Transpiration

Definition - What does Transpiration mean?

Transpiration is a biological process that is specific to plant species including grape vines. The process is when moisture/water travels from the roots to small pores on the leaves. The underside leaf pores release the water/moisture, which transforms into vapor where it evaporates into the atmosphere. Transpiration rates have many variables including; temperatures, humidity, precipitation, soil type and saturation level, land slopes, water tables, wind strength and the species of plant. Grapevine transpiration can be controlled by having exact climate conditions, closely controlled irrigation system and measurements on soil saturation.

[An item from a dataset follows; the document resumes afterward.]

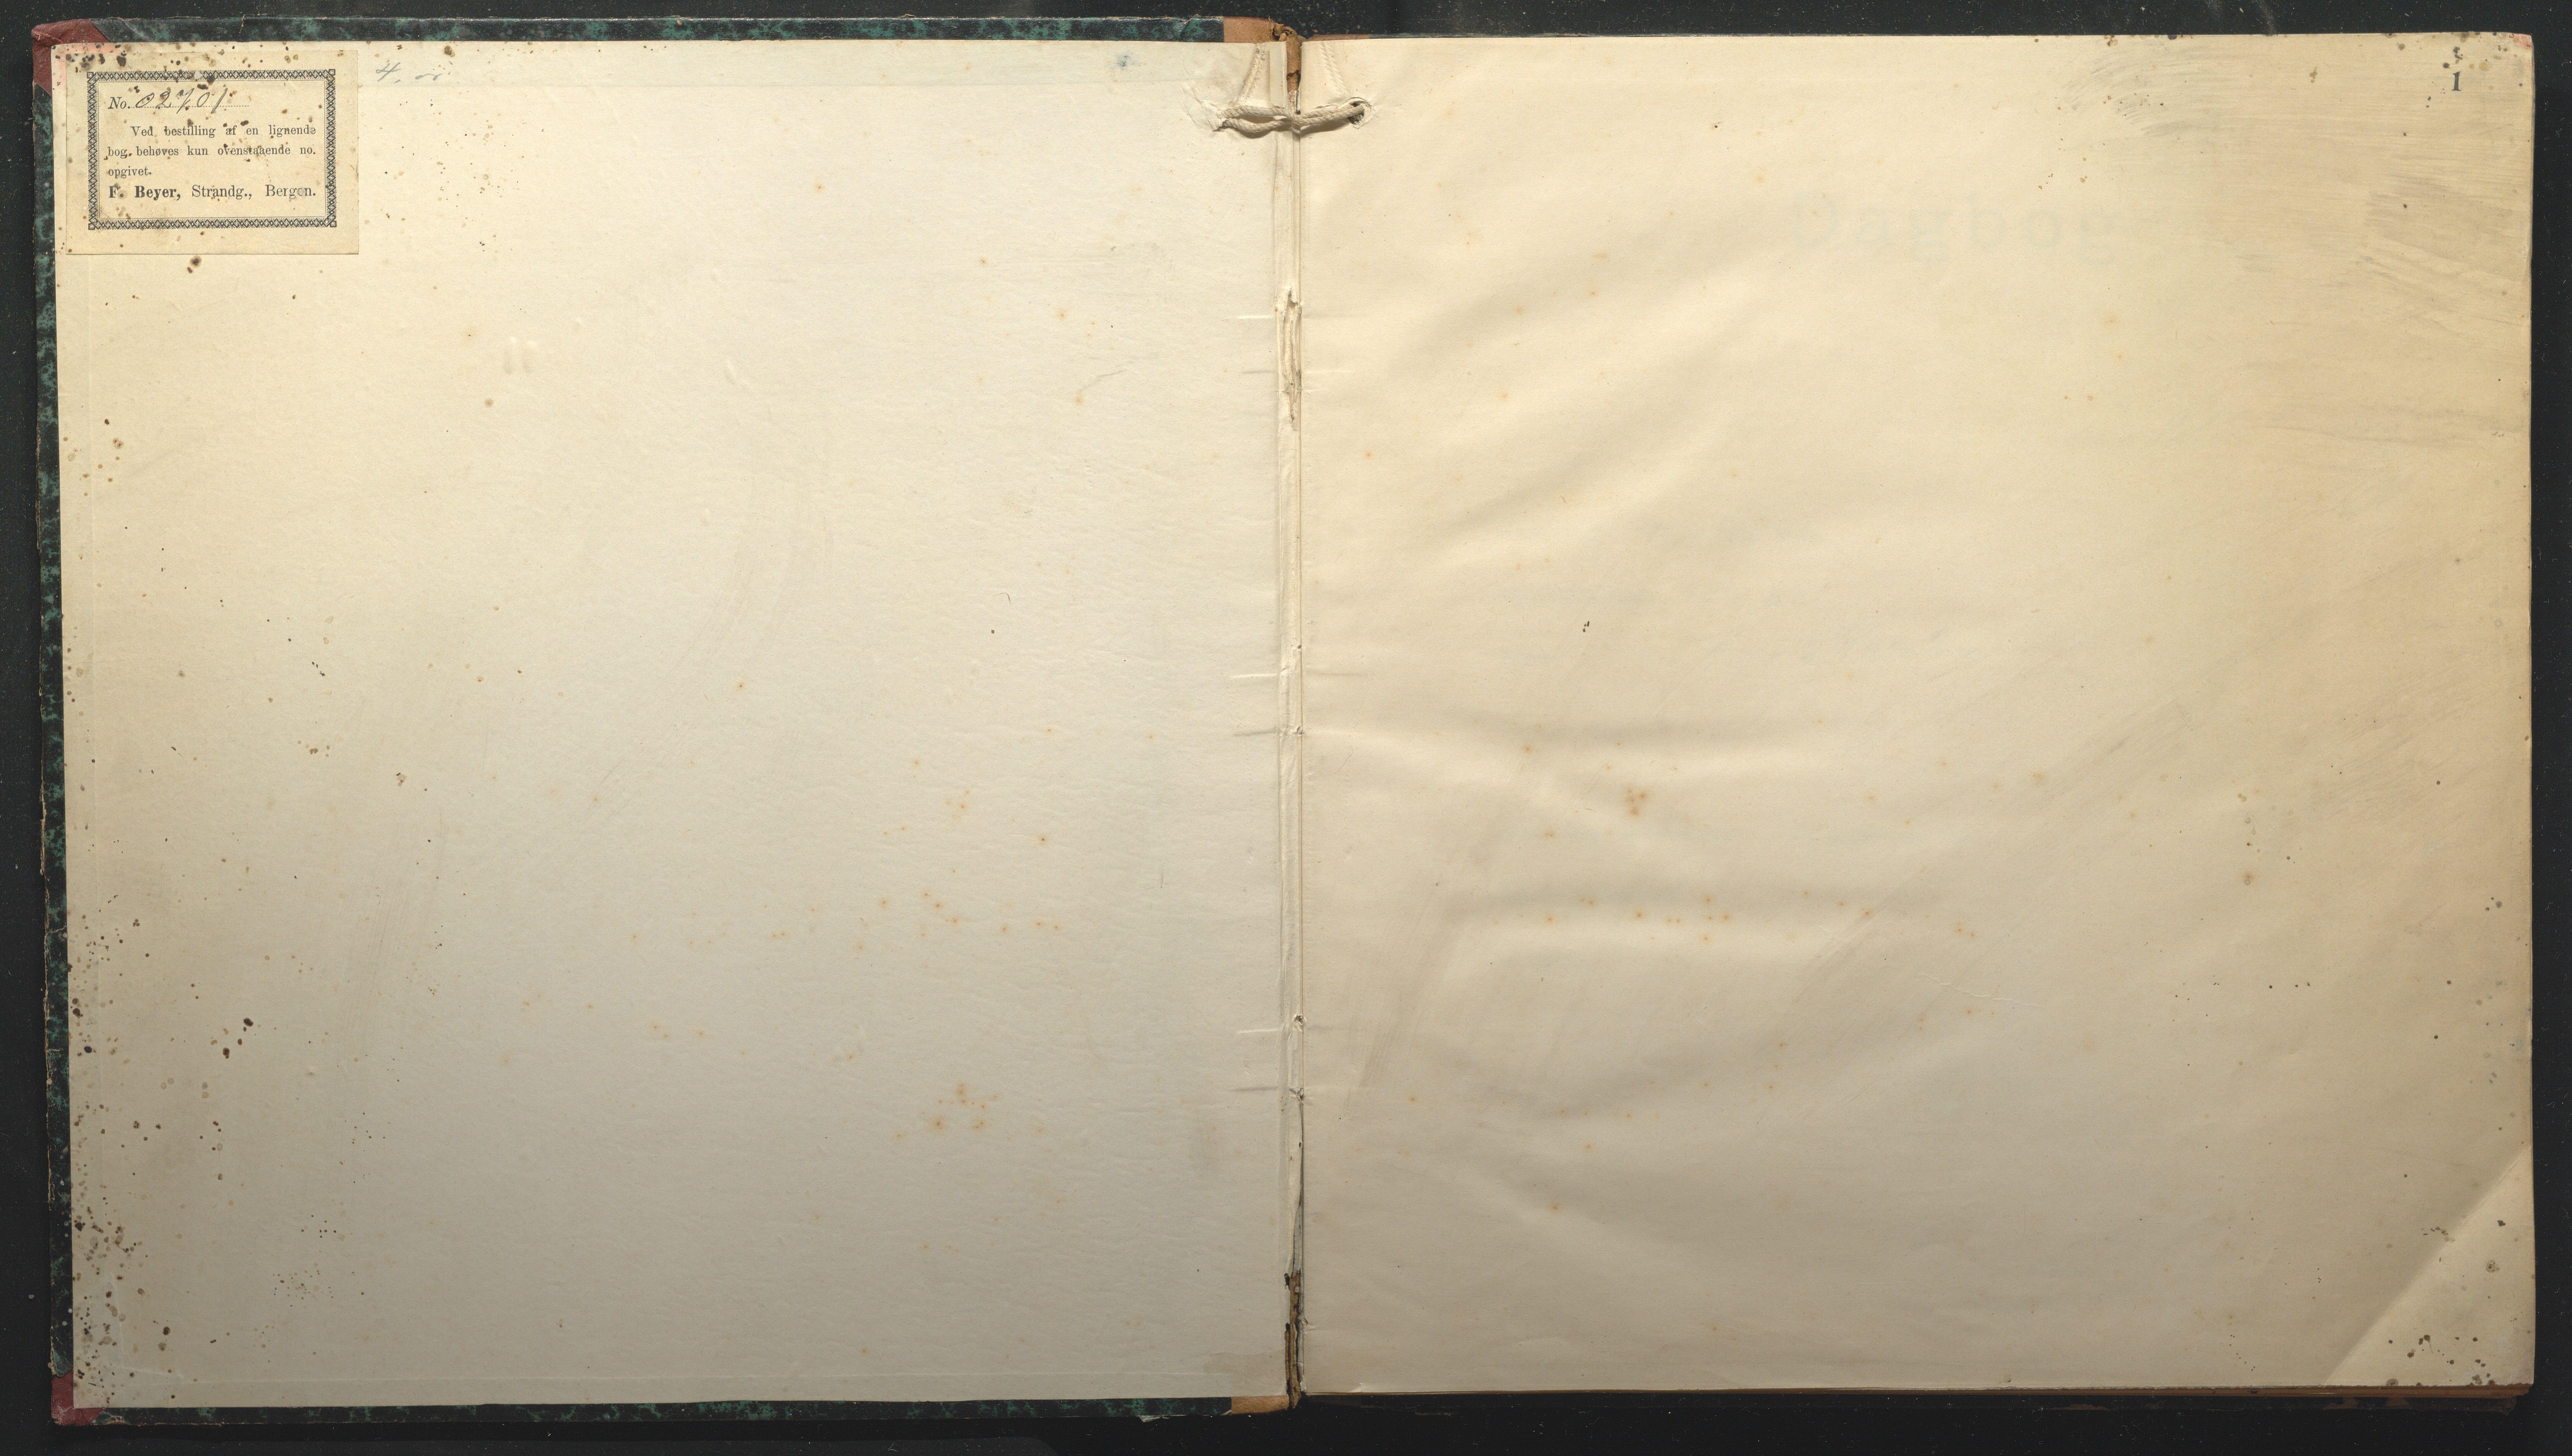 AAKS, Fartøysarkivet, F/L0127: Fides (brigg), 1896-1897, s. 1

WineFrog explains Transpiration

All plants transpire and this moisture loss is very important to vineyard crops and grape quality. During the growing season between April and October, the grapevine leaf can transpire its own weight in moisture several times. Even though the plant is releasing moisture, it isn’t visible to the human eye. To monitor transpiration rates, winemakers must take climate variations, like temperature and humidity, into consideration as well as soil and vineyard placement. Higher temperatures and increased wind speeds cause transpiration rates to also increase.

However, high humidity decreases transpiration rates, as the air is saturated with water. Soil moisture should be kept constant, too much moisture and the soil may require cover crops to absorb the excess water and to make sure the vine doesn’t drown. Too little moisture causes less transpiration and a wilting of the vine and berries. Placement close to the water table and different species of vine/hybrids can also cause unstable or unpredictable transpiration rates.